本研究从膜生物反应器中膜污染的特点出发,开发新型膜材料,以三种亲水性物质改性聚丙烯无纺布膜(Non-woven, NWF),使其具有亲水和抗菌的性能。
(1)采用聚乙烯醇(polyvinyl alcohol, PVA)为原料,制备亲水、抗菌的4-乙烯吡啶(4-vinylpyridine,4VP)接枝聚乙烯醇共聚物(PVA-g-4VP),通过涂覆、交联法将共聚物固定在NWF的内外表面。PVA-g-4VP共聚物制备的适宜条件为:PVA浓度为8 g/L,4VP浓度为0.16 mol/L,引发剂浓度为4 mmol/L,反应时间为240 min,温度为60℃。通过对共聚物进行物理和化学分析,发现PVA-g-4VP共聚物可以作为一种适宜的成膜材料对NWF进行改性。在NWF表面吸附PVA-g-4VP共聚物并进行交联后,得到了涂层均匀的复合膜。复合膜的亲水性增加,抗污染性明显增强。对基膜和复合膜的抗菌性能分析表明,复合膜能有效地抑制细菌在膜表面的吸附。复合膜能够有效地阻止生物膜的形成,不可逆污染减轻。
(2)对NWF基膜进行臭氧预处理以降低表面张力,在基膜表面涂覆亲水、抗菌的天然高分子聚合物——壳聚糖,通过戊二醛使壳聚糖活性层和臭氧处理过的基膜发生交联反应以增强牢固性。结果表明:复合膜表面光滑,孔径和孔隙率降低;复合膜的亲水性增强;通过活/死细菌染色法评价了复合膜的抗菌性能,复合膜表面细菌吸附量小具有优异的抗微生物污染能力,其中,交联复合膜的抗菌能力更为优异。为了使膜具有长期的抗污染能力,对涂覆方法进行了改进,在膜外表面和膜孔内表面进行同时涂覆。结果表明:动态涂覆法制备的壳聚糖/NWF复合膜亲水性明显增强,复合膜可有效抑制蛋白质的吸附,在MBR中的运行结果表明,复合膜抗不可逆污染能力明显增强;复合膜不仅具有优异的渗透能力,截留性能也有所增强。
(3)通过原子转移自由基聚合的方法,在基膜表面接枝甲基丙烯酸-β-羟乙酯(HEMA)聚合物以形成刷状结构。结果表明:ATRP方法能够独立、精确地控制HEMA聚合物链在改性膜表面的长度和密度,并在膜表面和孔内均匀的形成聚合物薄层。纳米刷的长度可以通过控制接枝反应温度和接枝反应时间来调节。聚合物链密度可以通过控制接枝反应时间和臭氧处理时间来调节。纳米刷改性膜具有优异的抗污染性能。纳米刷的长度和密度是影响抗污染性能的关键因素,且接枝链长度的影响比密度的影响大。
Membrane bioreactors (MBRs) have been widely used in wastewater treatment. But a major obstacle for the application of MBRs is the rapid decline of the permeation flux as a result of membrane fouling. Thus, developing antifouling and low cost membrane material is necessary. It is essential for steady application of membrane and development of MBR.
In this work, novel membrane materials, which were fabricated by modification the non-woven (NWF) with three hydropilicity materials, were developed according to the fouling characteristics in MBR.

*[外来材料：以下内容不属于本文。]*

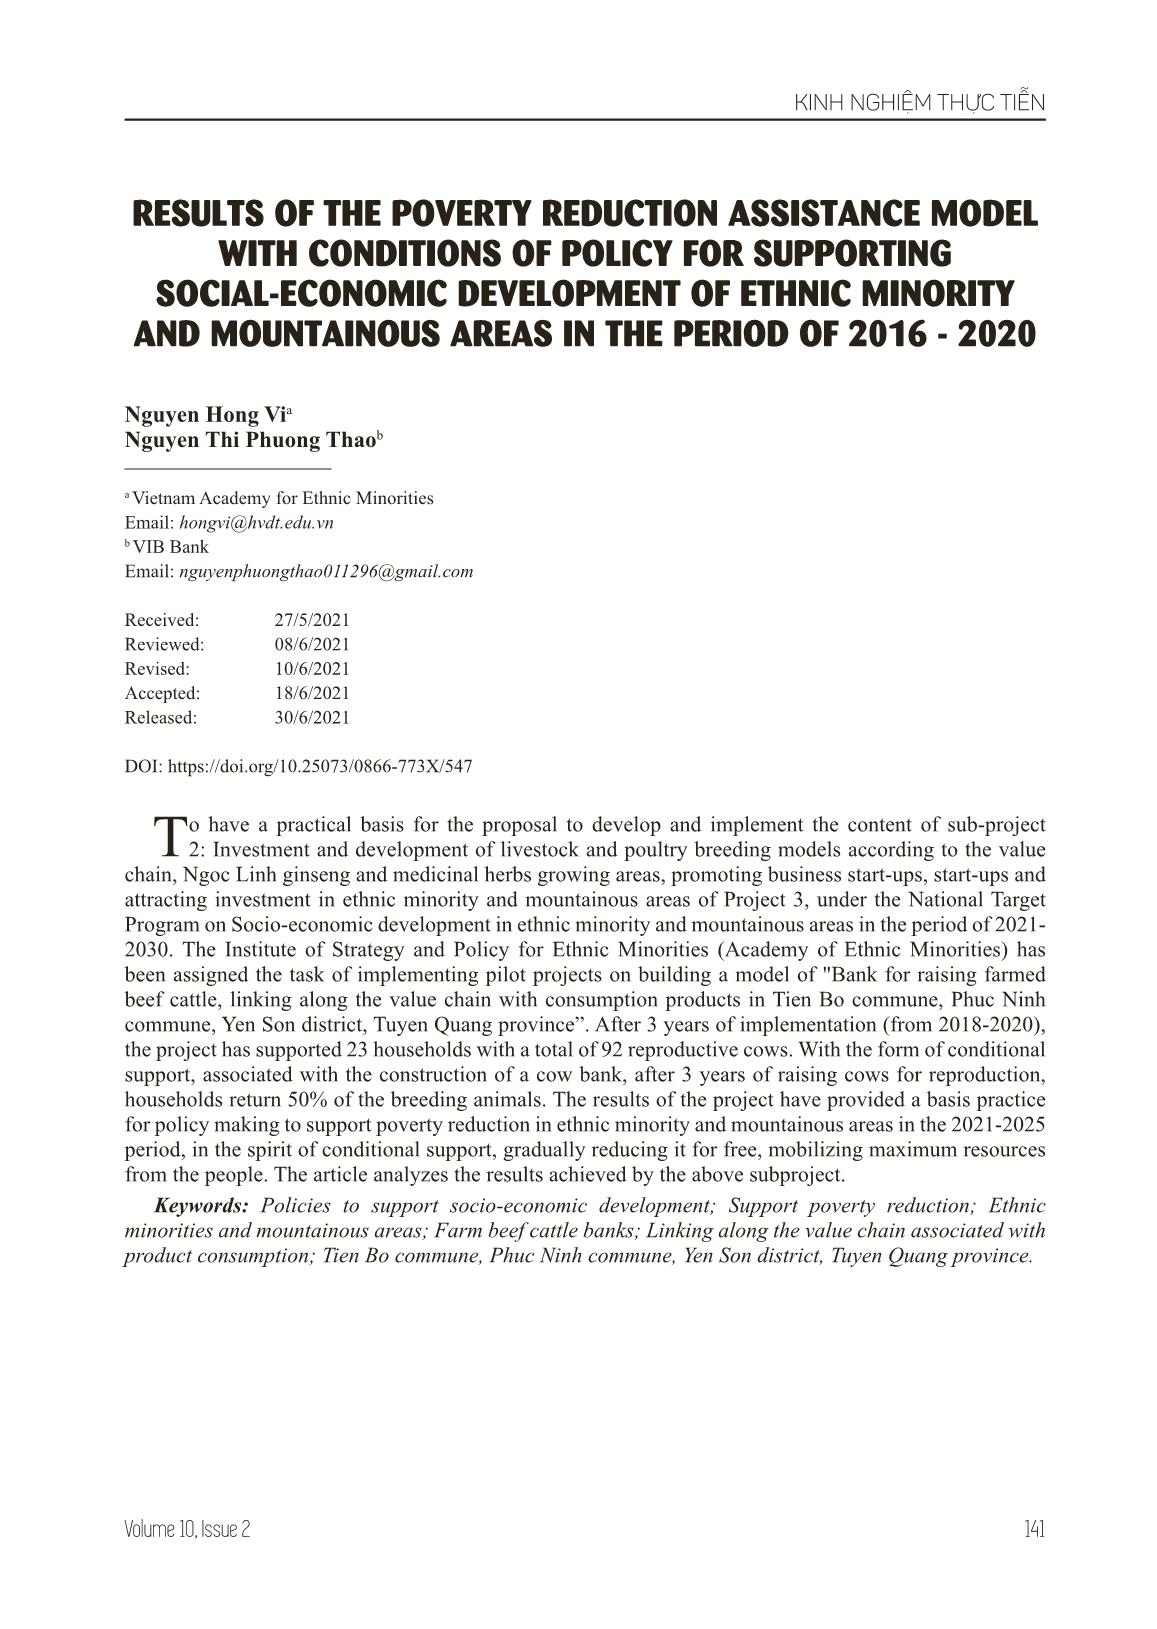 Kết quả mô hình hỗ trợ giảm nghèo gắn với điều kiện chính sách hỗ trợ phát triển kinh tế - xã hội của vùng dân tộc thiểu số và miền núi giai đoạn 2016-2020 trang 1
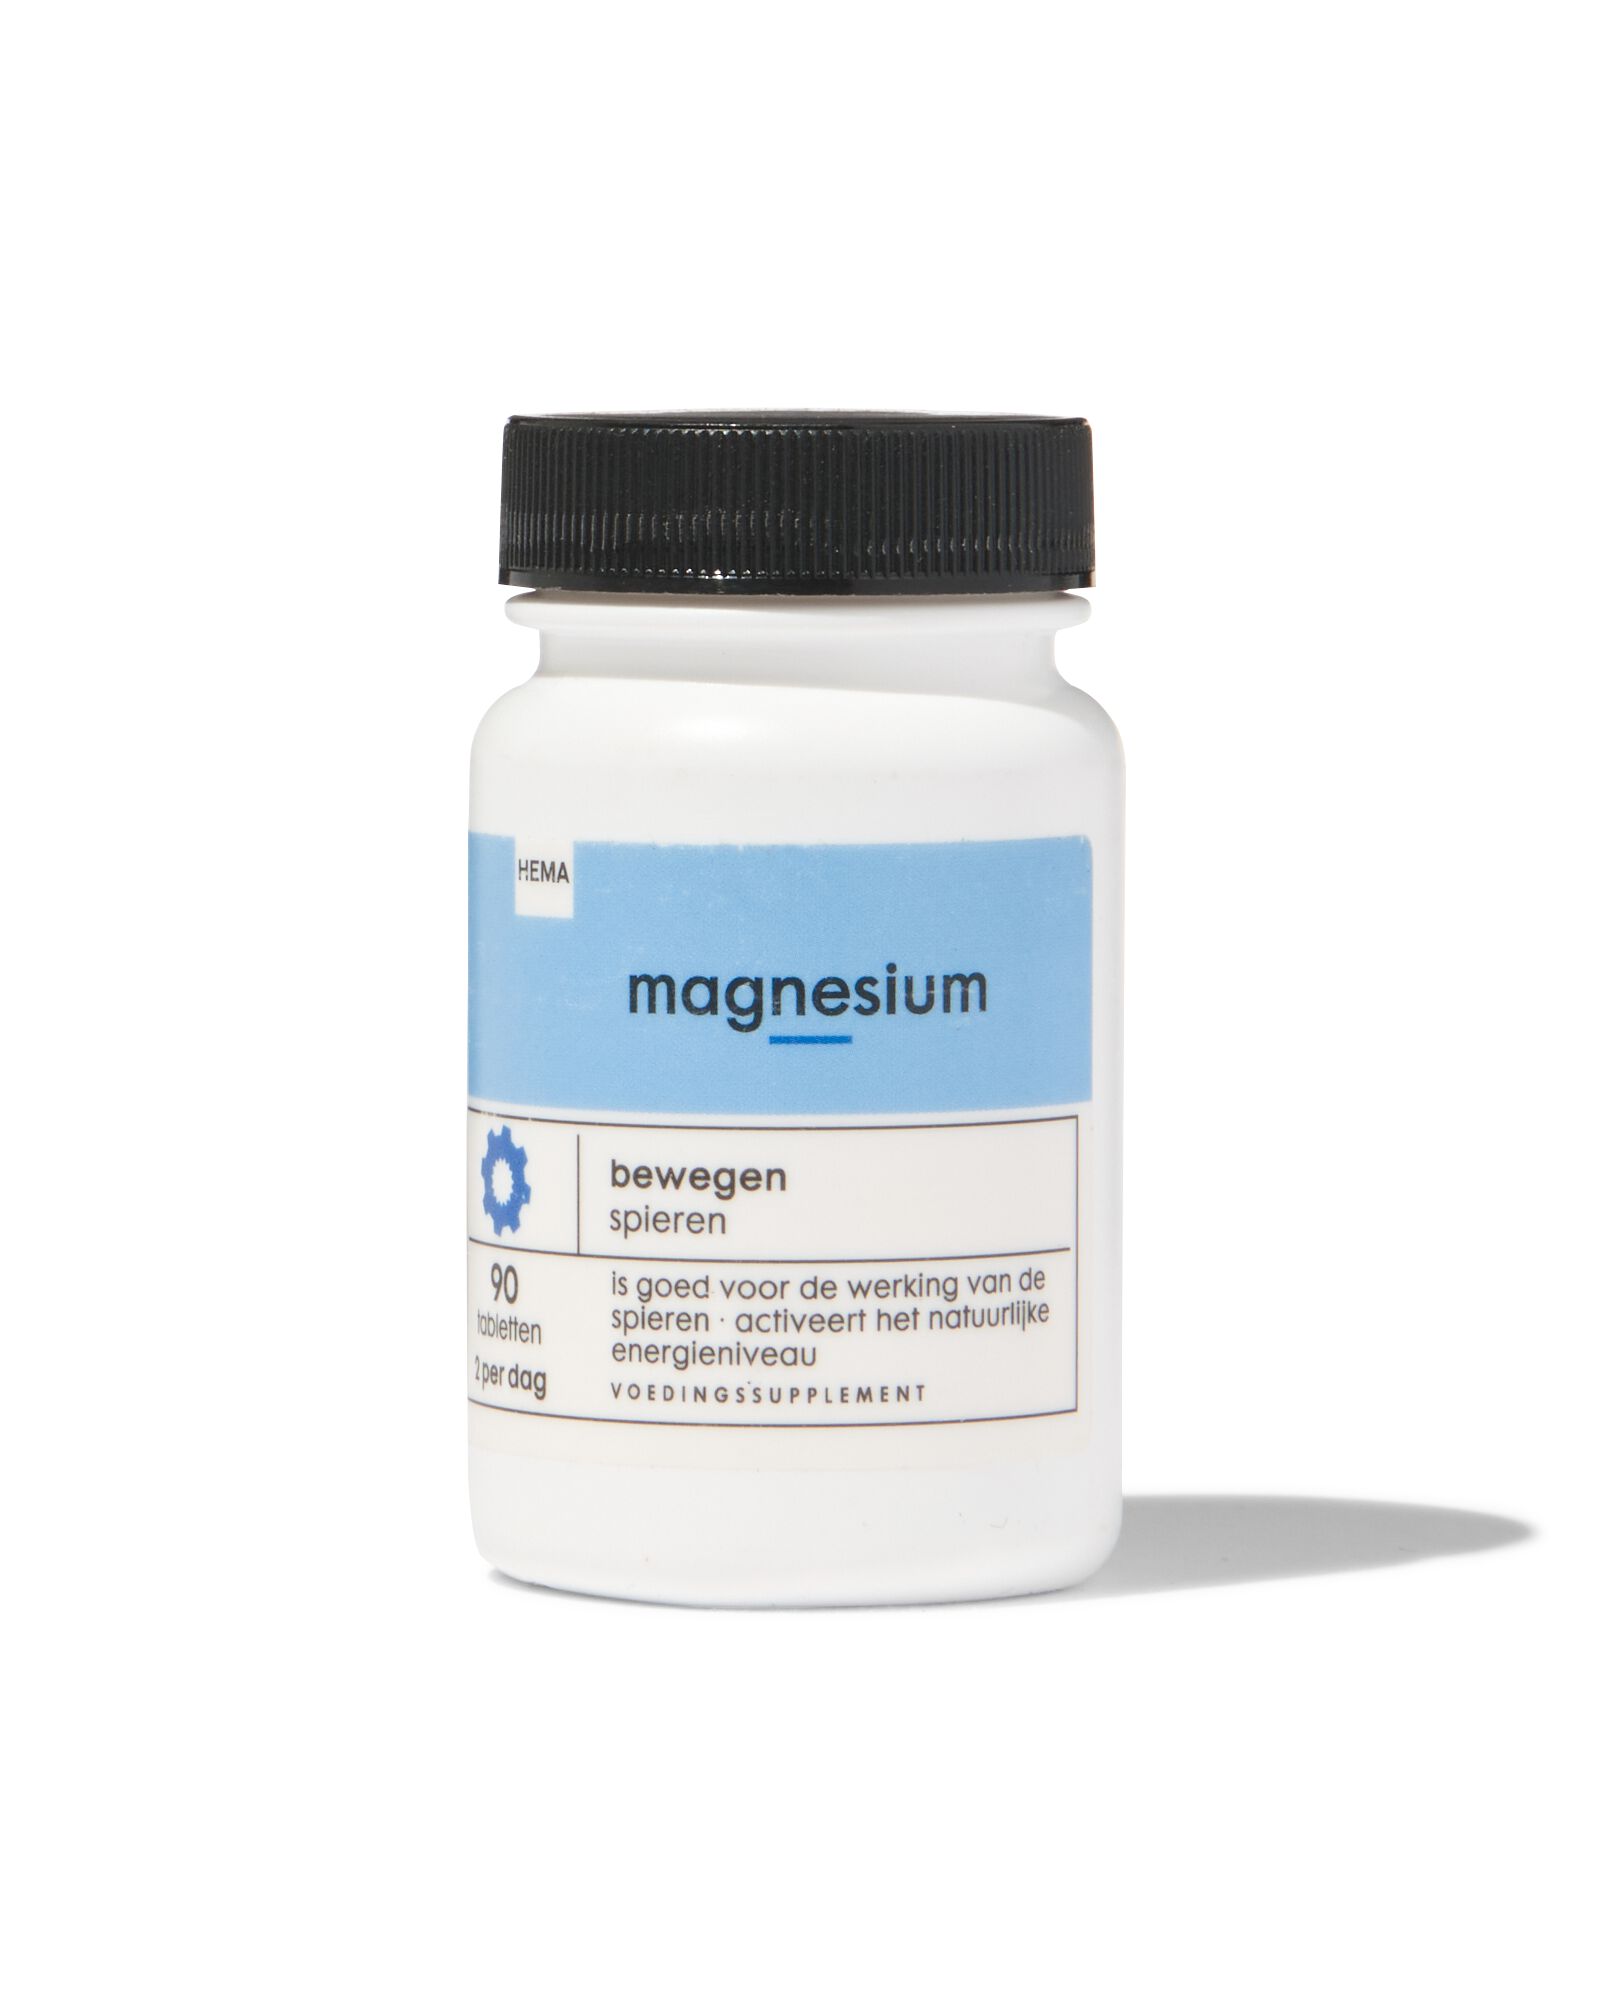 magnesium - 90 stuks - 11402107 - HEMA

(1) Synthesis functional polyvinyl alcohol(PVA)/4-vinyl pyridine(4VP) copolymer using Ce(IV) as initiator. The appropriate reaction condition was:PVA concentration of 8 g/L,4VP concentration of 0.16 mol/L, Ce(IV) concentration of 4 mmol/L, reaction time of 240 min and reaction temperature of 60℃. Preparation of novel NWF composite membrane based on polyvinyl alcohol/4-vinyl pyridine copolymer was carried out by adsorption on polypropylene non-woven fabric (NWF) membrane surface and pore walls to improve both hydrophilic and antibacterial properties of the membrane. Experiment results demonstrated that surface properties, both physical and chemical characteristics of the modified membrane, were significantly altered. The results showed that the PVA-g-4VP modified membrane had hydrophilic and strong antifouling properties. Furthermore, antibacterial property of modified membranes were investigated by Live/Dead staining, which results indicated that there was less bacteria attachment on the PVA-g-4VP modified membranes, and the modified membranes surface was thus demonstrated to be very effective in preventing biofilm formation.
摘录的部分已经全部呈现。